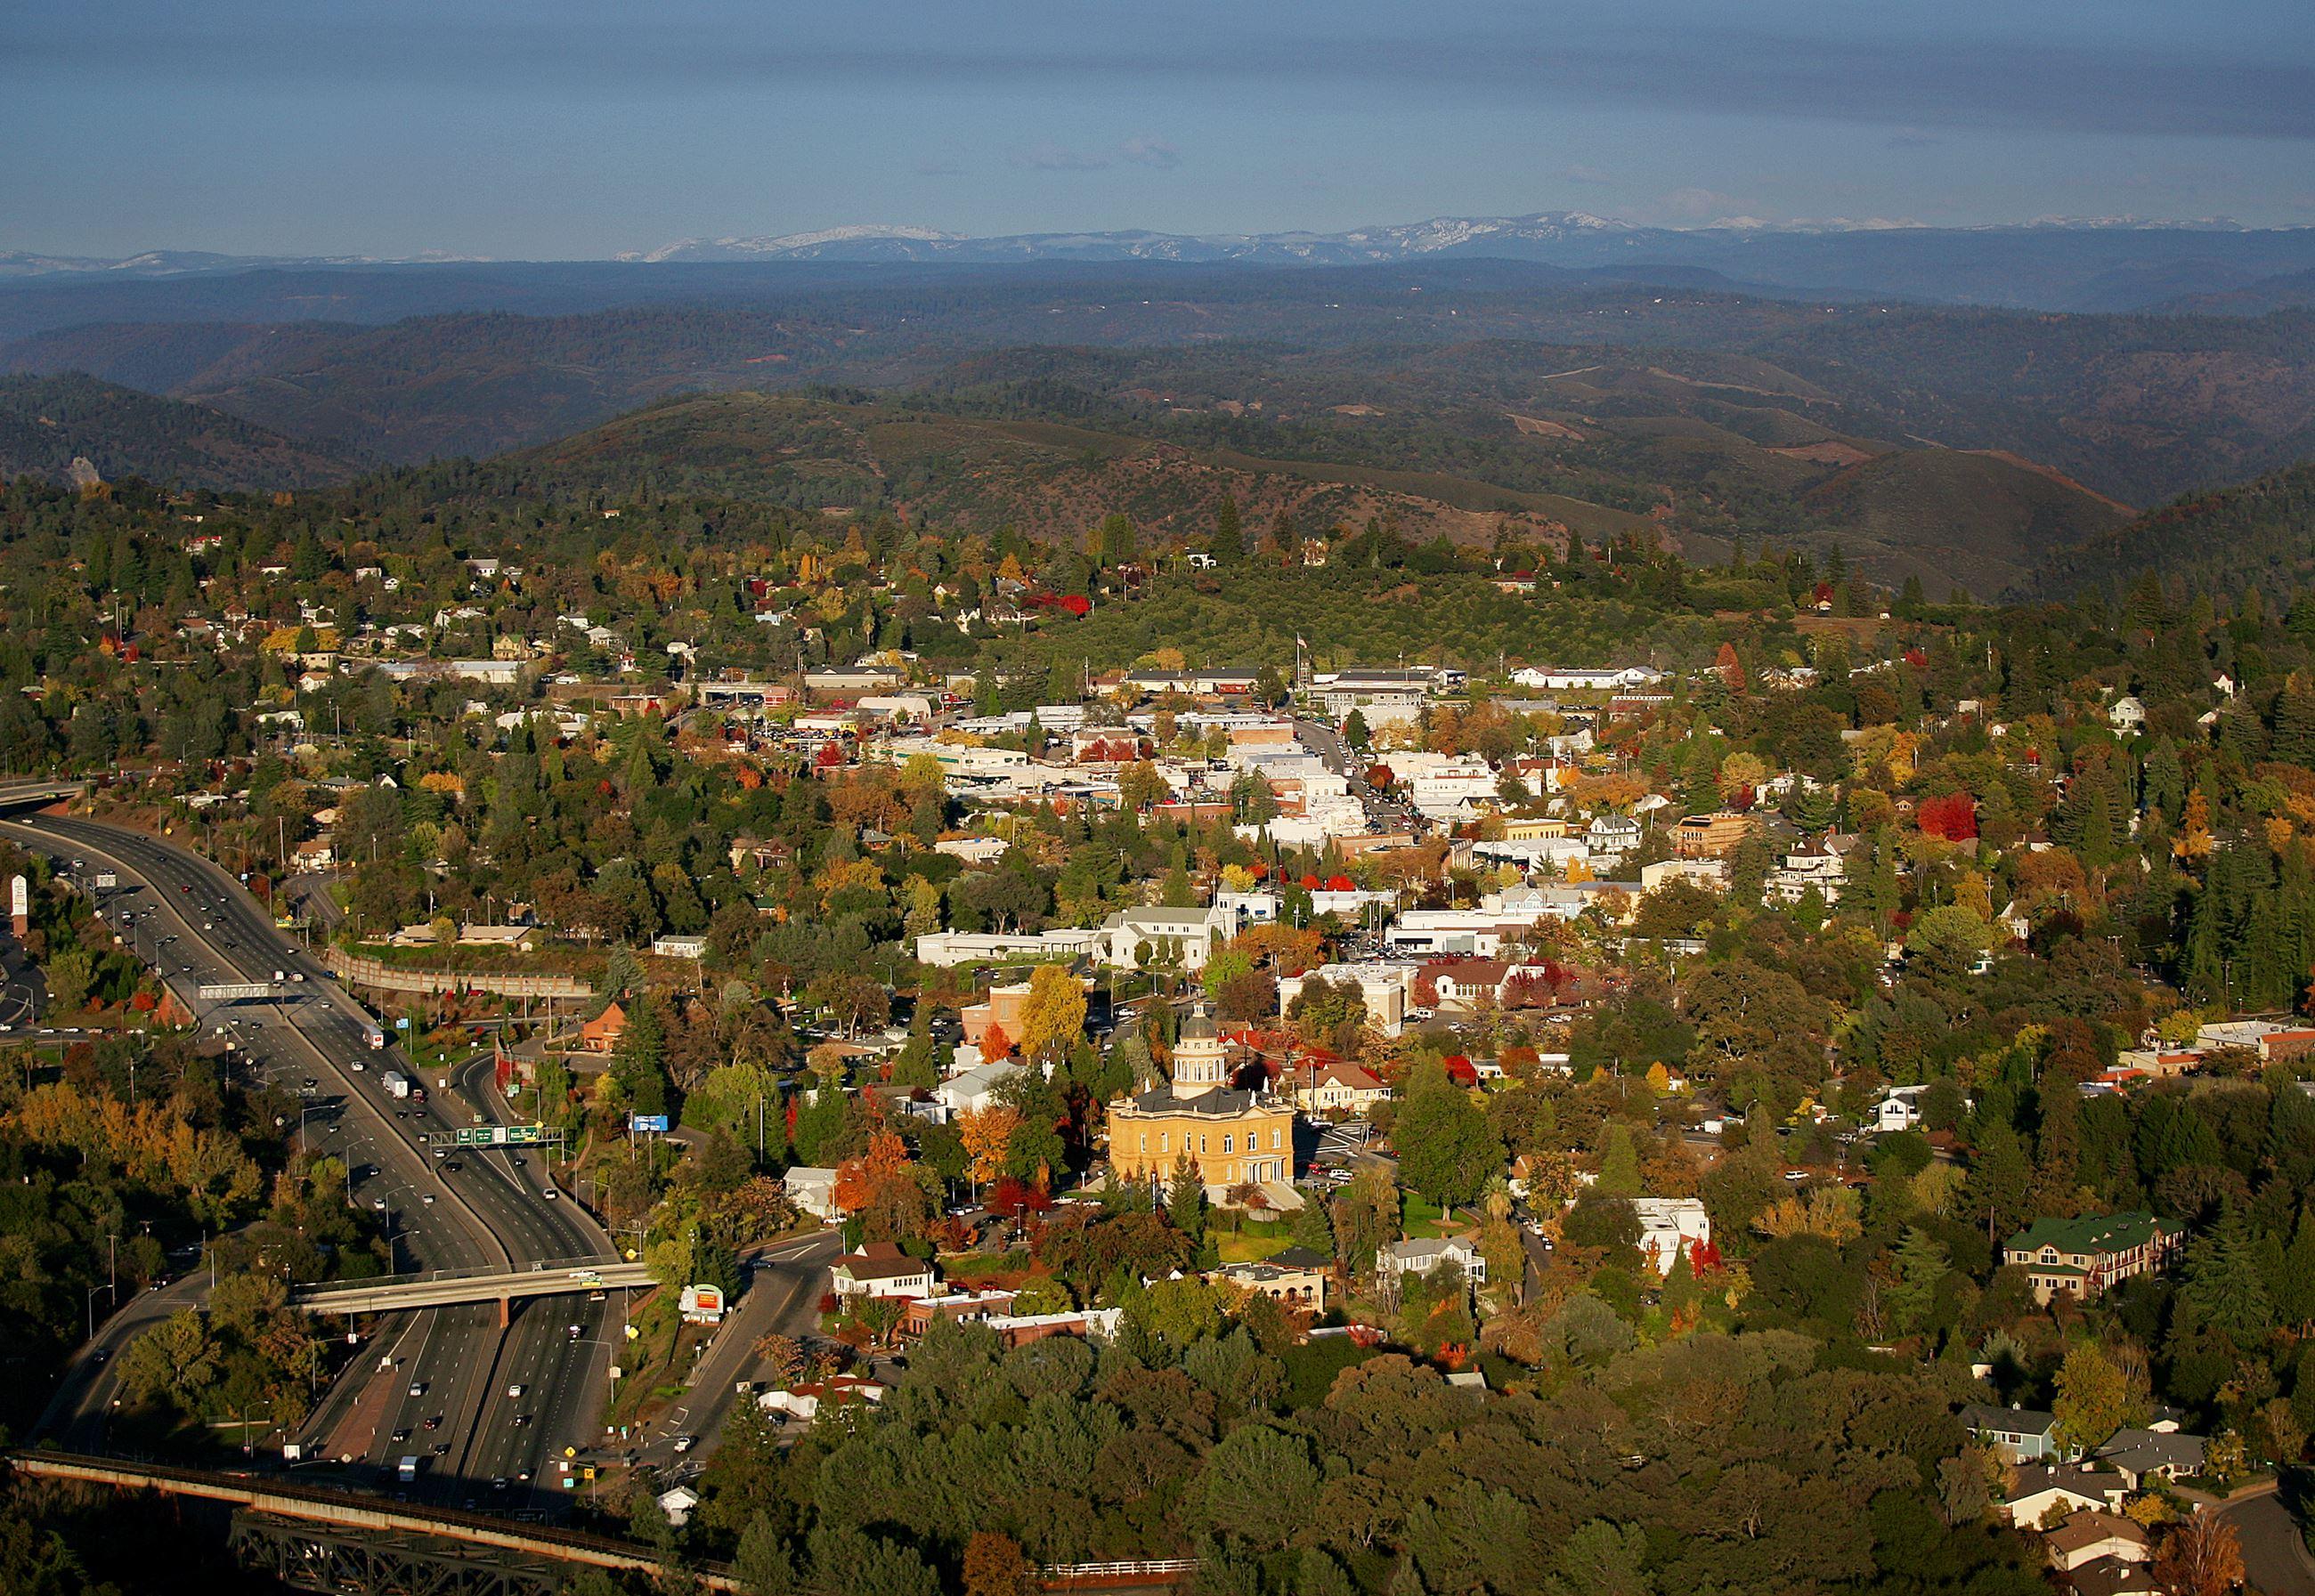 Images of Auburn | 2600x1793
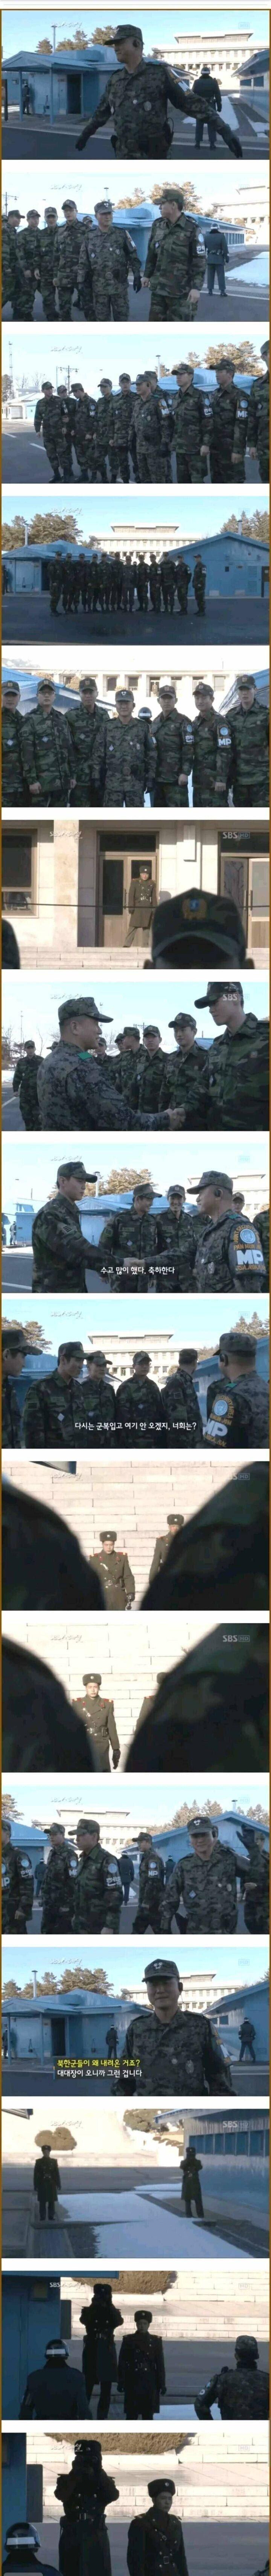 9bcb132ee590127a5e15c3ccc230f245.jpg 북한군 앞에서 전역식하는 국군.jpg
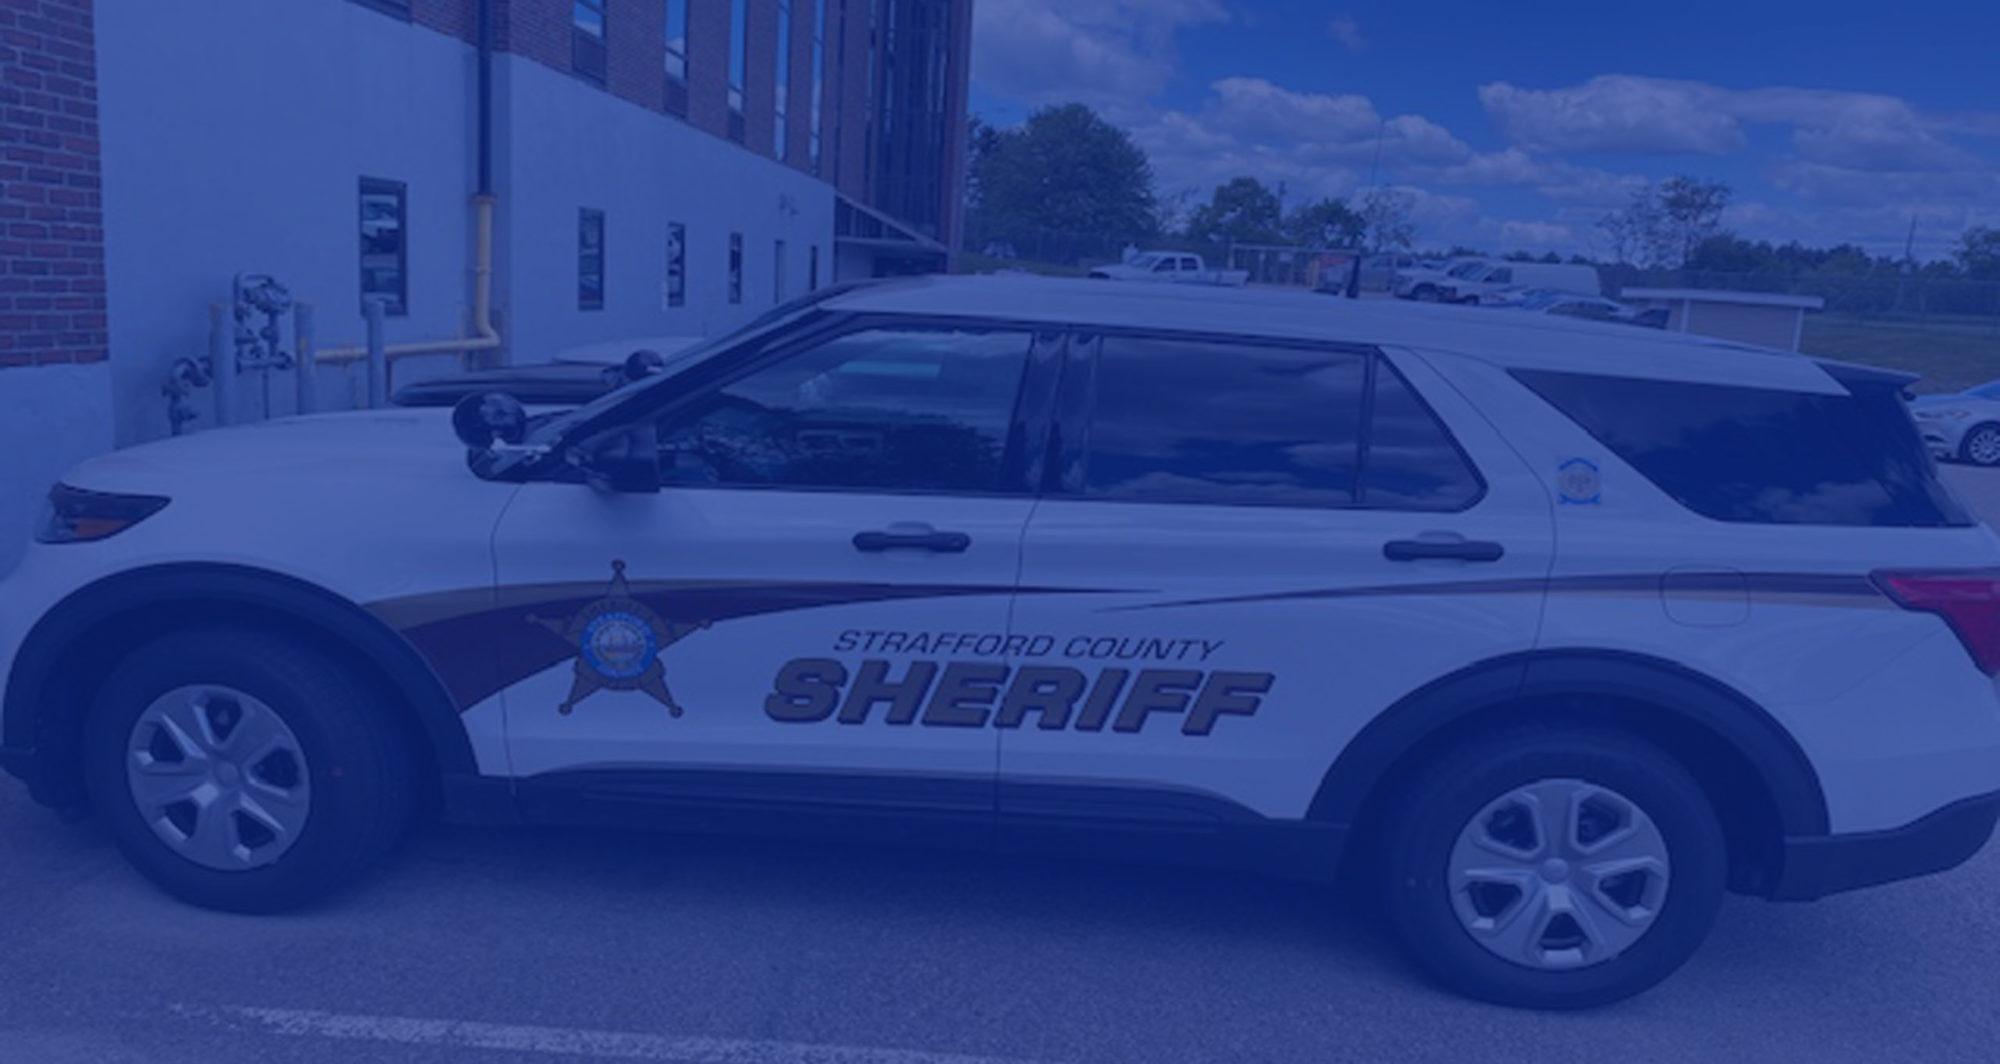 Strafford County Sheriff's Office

## Problem
Could you copy the data above exactly, leaving the pictures out?

## Problem solution
 Images of Auburn | 2600x1793
 9bcb132ee590127a5e15c3ccc230f245.jpg 북한군 앞에서 전역식하는 국군.jpg
 Strafford County Sheriff's Office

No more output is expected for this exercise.